暗号資産専門メディアのザ・ブロックが9月17日に報じた。CFTCは、ソフトウエア開発者が利用者を指定契約市場(DCM)に接続する場合でも、先物紹介業者(IB)としての登録を求めないノーアクション指針を公表した。利用者に関連情報を十分開示し、社内の方針や手続きを整備するなど、一定の要件を満たす事業者が対象となる。

今回の措置は、CFTCがこれまで暗号資産ウォレットサービスのファントム(Phantom)に個別に与えていたノーアクション方針を、業界全体に広げたものだ。CFTCは脚注で、暗号資産向けソフトウエアに限らず、類似機能を提供する他の開発者にも今回の指針が適用され得ると説明した。

ソラナ政策研究所の法務責任者、パトリック・ウィルソン氏は、ファントムに限られていた規制上の例外が、他のソフトウエア事業者も活用できる枠組みに広がった意義は大きいと評価した。開発者が仲介業者に分類されず、利用者を規制されたデリバティブ市場につなぐ基準が、より明確になったとも指摘した。デジタル・チェンバーのコディ・カーボン最高経営責任者(CEO)もXで、デリバティブ市場におけるソフトウエア革新を妨げてきた主要な規制上の不確実性が解消されたと投稿した。

今回の指針は、米証券取引委員会(SEC)がトークン化株式のオンチェーン取引を認める「イノベーション免除」方針を公表してから、わずか数時間後に示された。デジタル資産業界の連邦規制の枠組みを盛り込んだクラリティ法(CLARITY Act)が上院の手続き採決を通過できなかったことを受け、CFTCとSECがそれぞれ行政レベルで制度整備に動いたとみられる。
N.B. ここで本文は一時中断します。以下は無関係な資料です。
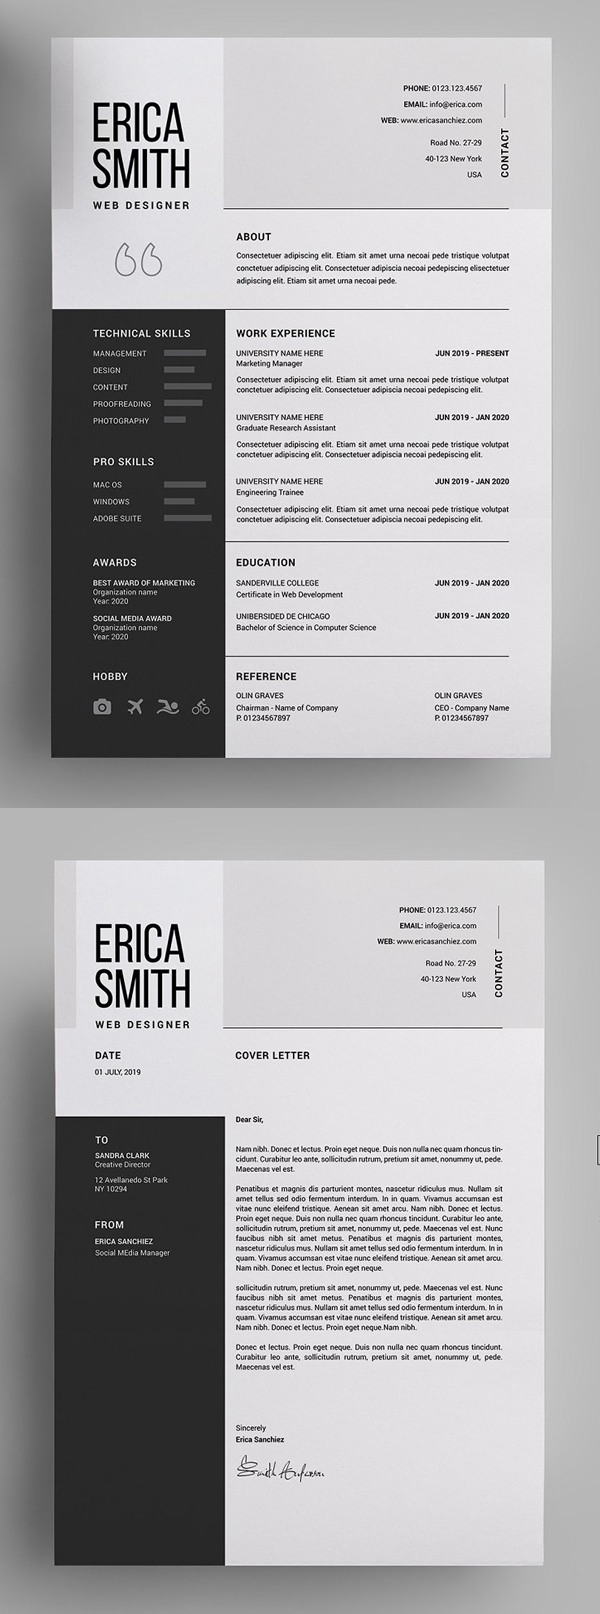 Clean, Modern and Professional Resume and Letterhead design

もっとも、ノーアクション指針は正式な規則ではない。今後、委員会の構成や政策方針が変われば撤回される可能性がある。ある業界関係者はザ・ブロックに対し、指針の適用範囲拡大は前向きだが、次期委員会がこれを覆す余地は残ると語った。一方で、この枠組みを活用する事業者が増えるほど、将来の政策転換は難しくなるとの見方も示した。CFTCのマイケル・セリグ委員長は5月、ファントムに適用したノーアクション方針を正式な規則に移す考えを示したが、具体的な後続措置はなお出ていない。